Case ID: sw2d_66/html/0317-02.html
Source: Caselaw Access Project
Author: {"author": "MORROW, Presiding Judge.", "license": "Public Domain", "url": "https://static.case.law/"}
Date Created: 2024-08-24T03:29:51.129683

BLAIR v. STATE.
    No. 16315.
    Court of Criminal Appeals of Texas.
    Dec. 13, 1933.
    
      Rey M. Hofheinz, of Houston, for appellant;
    Uloyd W. Davidson, State’s Atty., of Austin, for the State.
   MORROW, Presiding Judge.

Receiving and concealing stolen property is the offense; penalty assessed at confinement in the county jail for a period of sixty days.

Appellant entered a plea of not guilty and waived a jury. The evidence heard by the trial judge is not before this court for review.

There are no bills of exception.

In the motion for new trial, there is complaint of the reception of certain evidence. In the absence of a statement of the evidence that was before the trial judge, this court is not in a position to estimate the force of the complaint mentioned.

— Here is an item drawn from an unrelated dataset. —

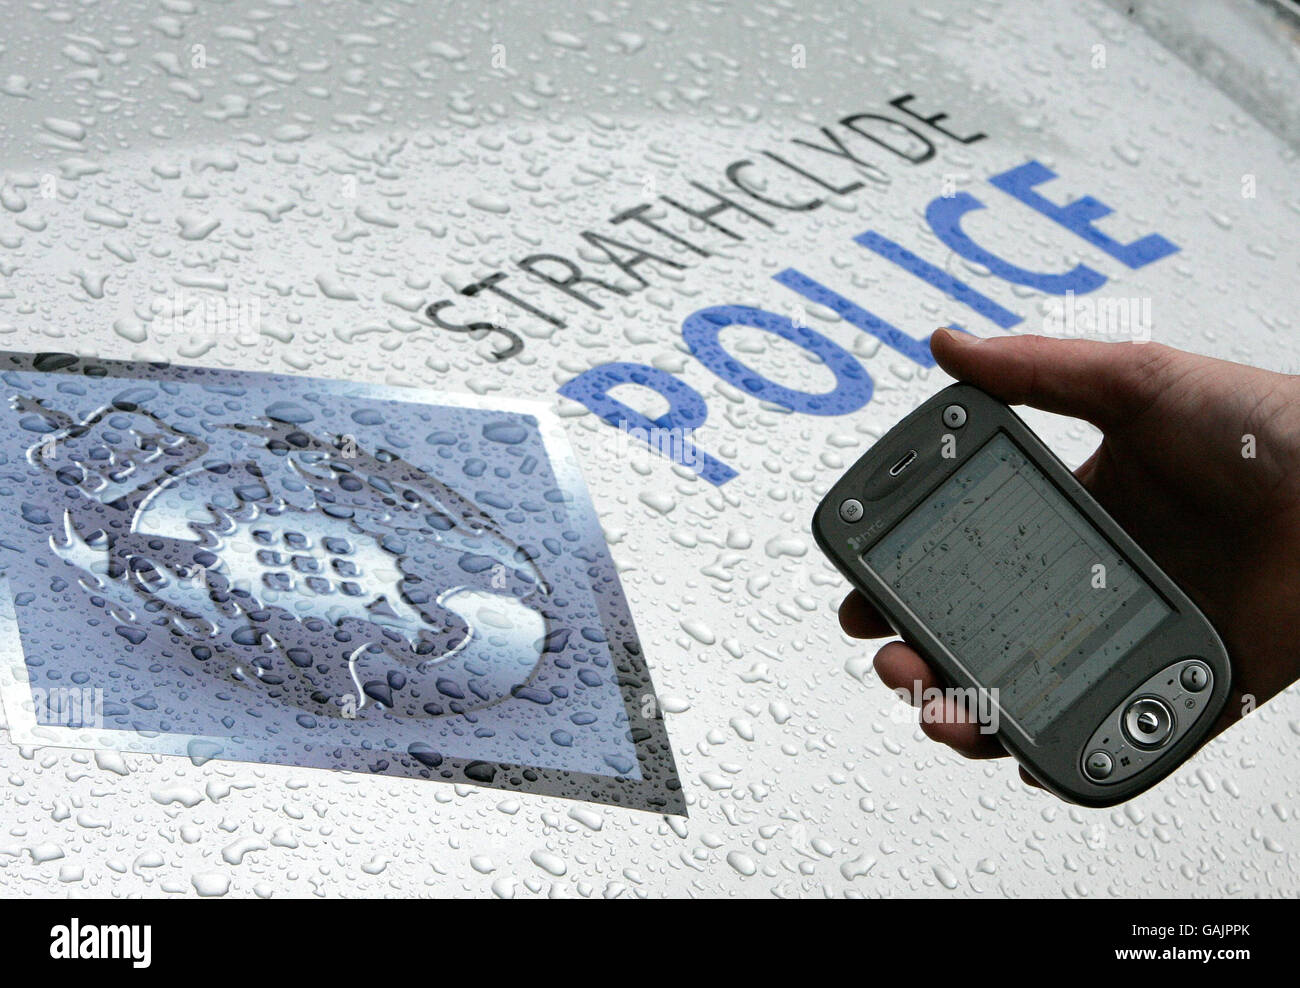 Die Polizei von Strathclyde zeigt ein neues integriertes Computersystem, das auch als Notebook im Takt verwendet werden kann und das auch in Patrouillenfahrzeugen eingebaut ist. Stockfoto

The criticism of the conviction upon the ground that the court should have instructed a verdict of not guilty is entirely out of harmony with that part of the record which shows that the appellant was tried before the court and not before a jury. The same principle obtains with reference to that part of the motion which alleges that some of the testimony came from an accomplice witness. In the absence of a statement showing all the testimony heard upon the trial, this court cannot intelligently pass upon the complaint.

The same is true of the alleged newly discovered evidence. To appraise it, it is essential that this court be advised of the evidence that was actually heard upon the trial.

Under the circumstances, we are constrained to order an affirmance of the judgment of conviction, which is accordingly done.